POJ-1852 Ants(脑筋急转弯)¶
Description¶
An army of ants walk on a horizontal pole of length l cm, each with a constant speed of 1 cm/s. When a walking ant reaches an end of the pole, it immediatelly falls off it. When two ants meet they turn back and start walking in opposite directions. We know the original positions of ants on the pole, unfortunately, we do not know the directions in which the ants are walking. Your task is to compute the earliest and the latest possible times needed for all ants to fall off the pole.
Input¶
The first line of input contains one integer giving the number of cases that follow. The data for each case start with two integer numbers: the length of the pole (in cm) and n, the number of ants residing on the pole. These two numbers are followed by n integers giving the position of each ant on the pole as the distance measured from the left end of the pole, in no particular order.

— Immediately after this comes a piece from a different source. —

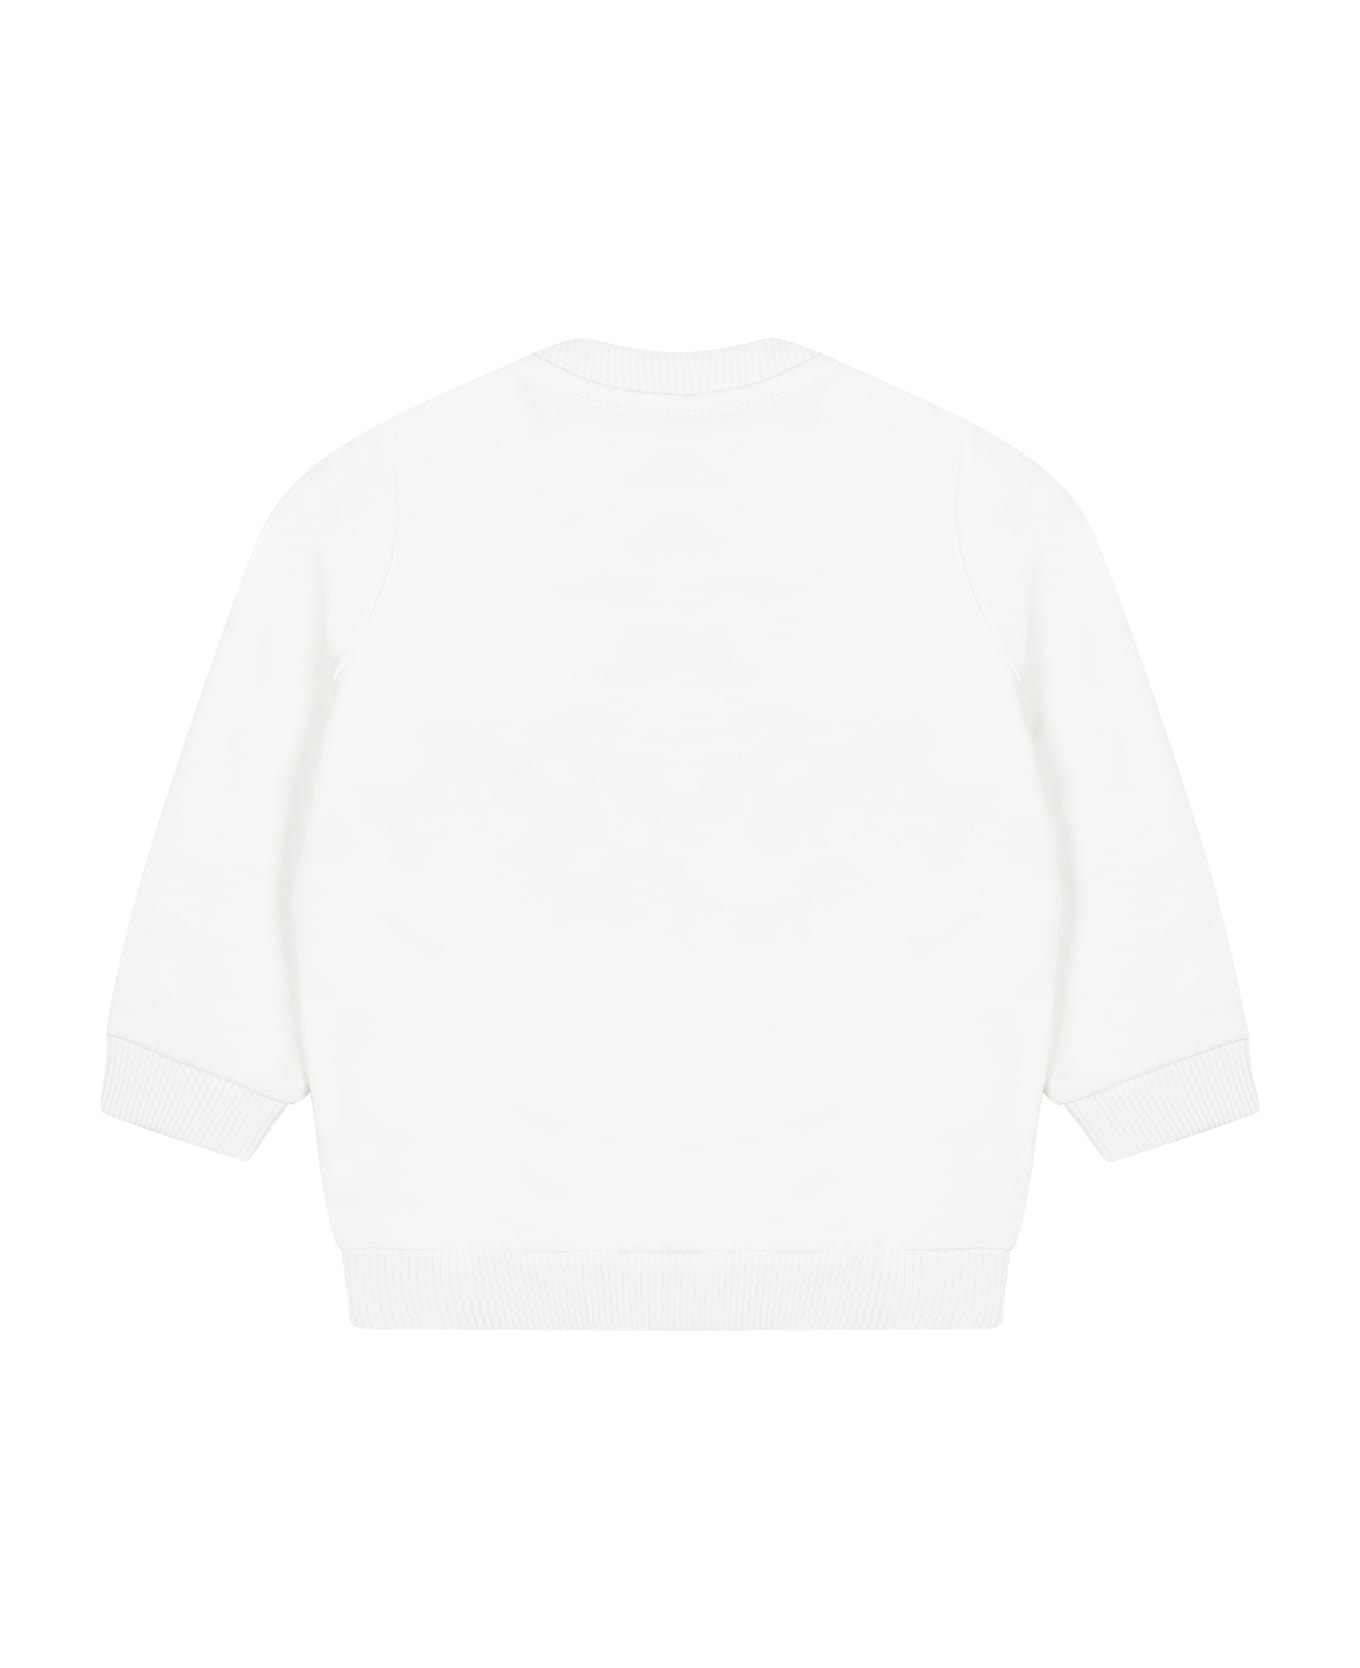 Moschino White Sweatshirt For Babies With Teddy Bears And Logo - White

All input integers are not bigger than 1000000 and they are separated by whitespace.
Output¶
For each case of input, output two numbers separated by a single space. The first number is the earliest possible time when all ants fall off the pole (if the directions of their walks are chosen appropriately) and the second number is the latest possible such time.
Sample Input¶
2
10 3
2 6 7
214 7
11 12 7 13 176 23 191
Sample Output¶
4 8
38 207
#include <iostream>
#include <algorithm>
using namespace std;
int main()
{
std::ios_base::sync_with_stdio(false);
cin.tie(NULL);
cout.tie(NULL);
int caseNum;
cin >> caseNum;
while (caseNum--) {
int length, num;
cin >> length >> num;
int minTime = 0, maxTime = 0;
for (int i = 0; i < num; ++i) {
int tmp;
cin >> tmp;
minTime = max(minTime, min(tmp, length - tmp));
maxTime = max(maxTime, max(tmp, length - tmp));
}
cout << minTime << " " << maxTime << endl;
}
return 0;
}
比较难思考的是最长时间,因为会存在蚂蚁碰撞的情况,如果采用直接模拟会陷入复杂的程序设计,实际上,两只蚂蚁相遇各自转头,可以看成是相遇后绕过对方继续走,所以每只蚂蚁的最长时间实际上是其到两端的最大距离。
最短时间注意一下细节,是所有蚂蚁距离两端最短距离中的最大值。